Using OWL reasoning to support the generation of novel gene sets for enrichment analysis.
Journal:
Journal of biomedical semantics
Published Date:
Feb 14, 2018
Abstract
BACKGROUND: The Gene Ontology (GO) consists of over 40,000 terms for biological processes, cell components and gene product activities linked into a graph structure by over 90,000 relationships. It has been used to annotate the functions and cellular locations of several million gene products. The graph structure is used by a variety of tools to group annotated genes into sets whose products share function or location. These gene sets are widely used to interpret the results of genomics experiments by assessing which sets are significantly over- or under-represented in results lists. F Hoffmann-La Roche Ltd. has developed a bespoke, manually maintained controlled vocabulary (RCV) for use in over-representation analysis.
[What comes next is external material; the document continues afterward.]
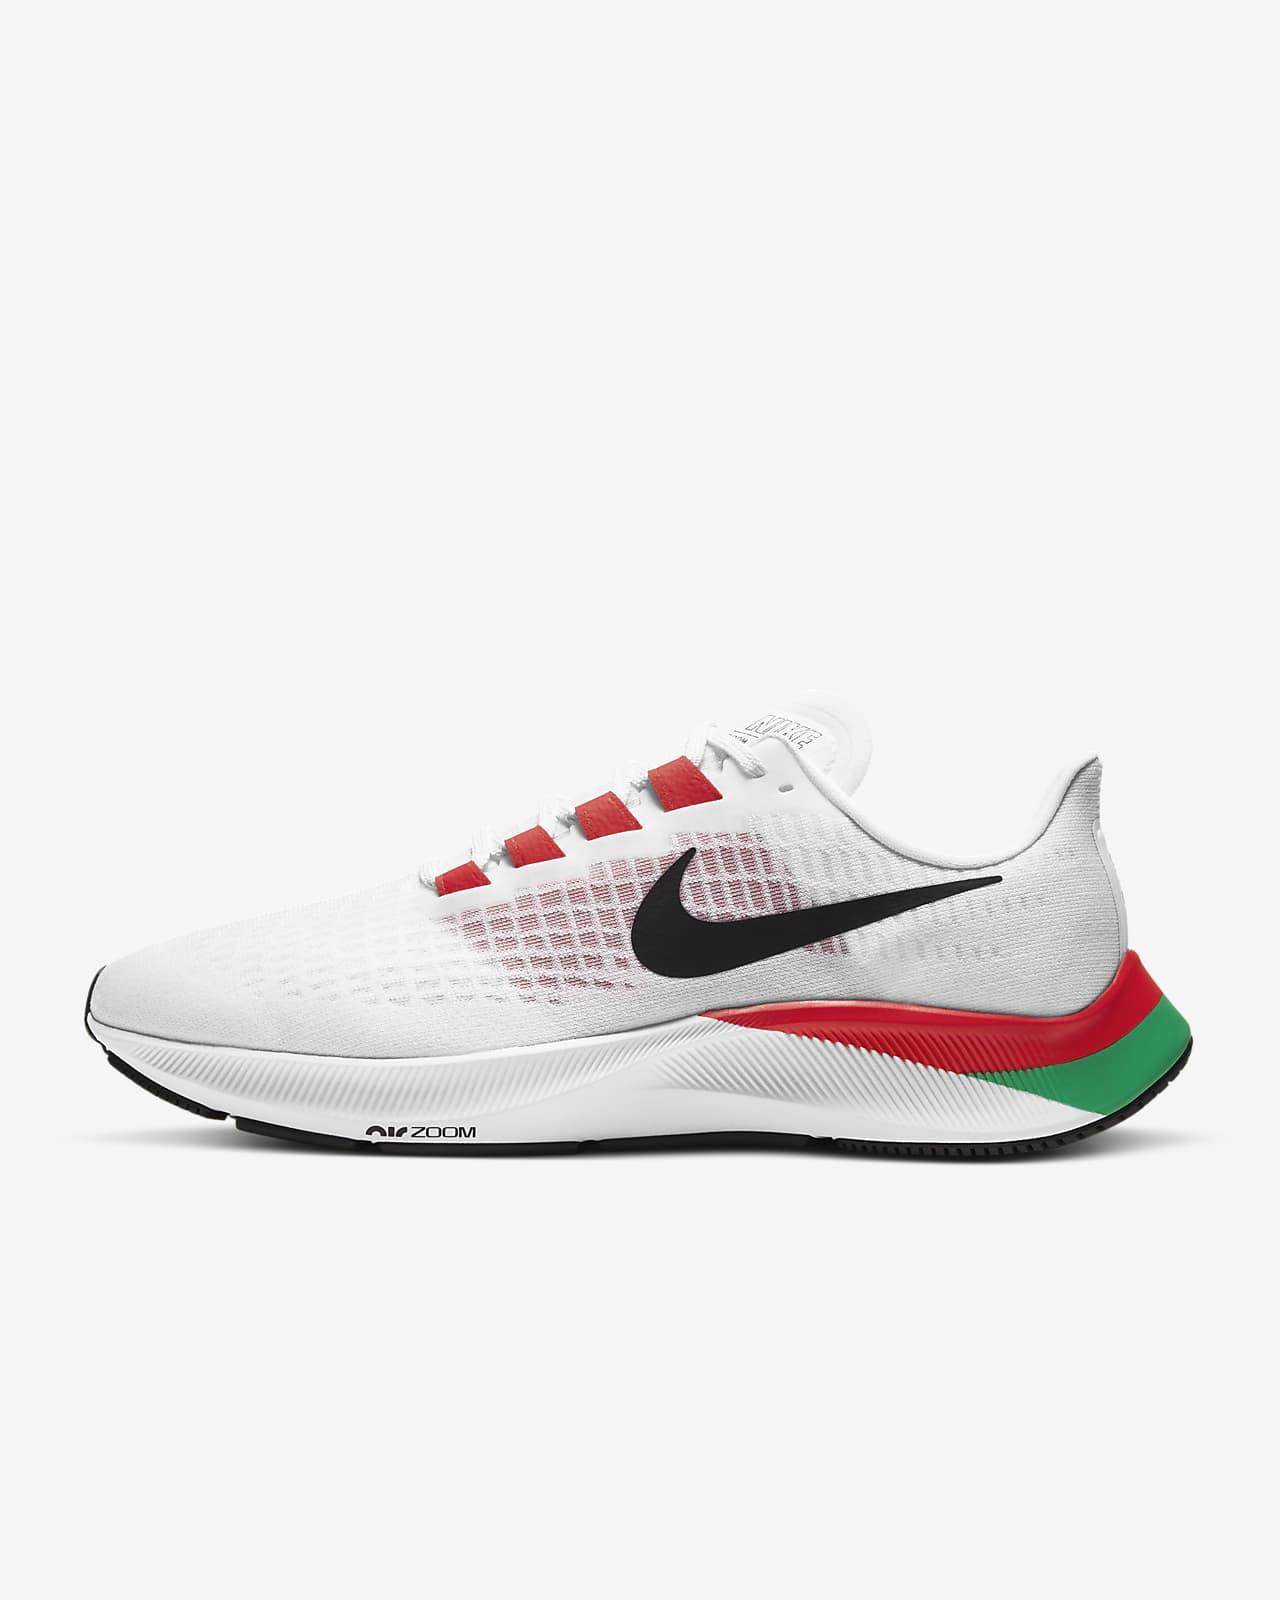 Chaussure de running Nike Air Zoom Pegasus 37 Eliud Kipchoge pour ...

Many terms in this vocabulary group GO terms in novel ways that cannot easily be derived using the graph structure of the GO. For example, some RCV terms group GO terms by the cell, chemical or tissue type they refer to. Recent improvements in the content and formal structure of the GO make it possible to use logical queries in Web Ontology Language (OWL) to automatically map these cross-cutting classifications to sets of GO terms. We used this approach to automate mapping between RCV and GO, largely replacing the increasingly unsustainable manual mapping process. We then tested the utility of the resulting groupings for over-representation analysis.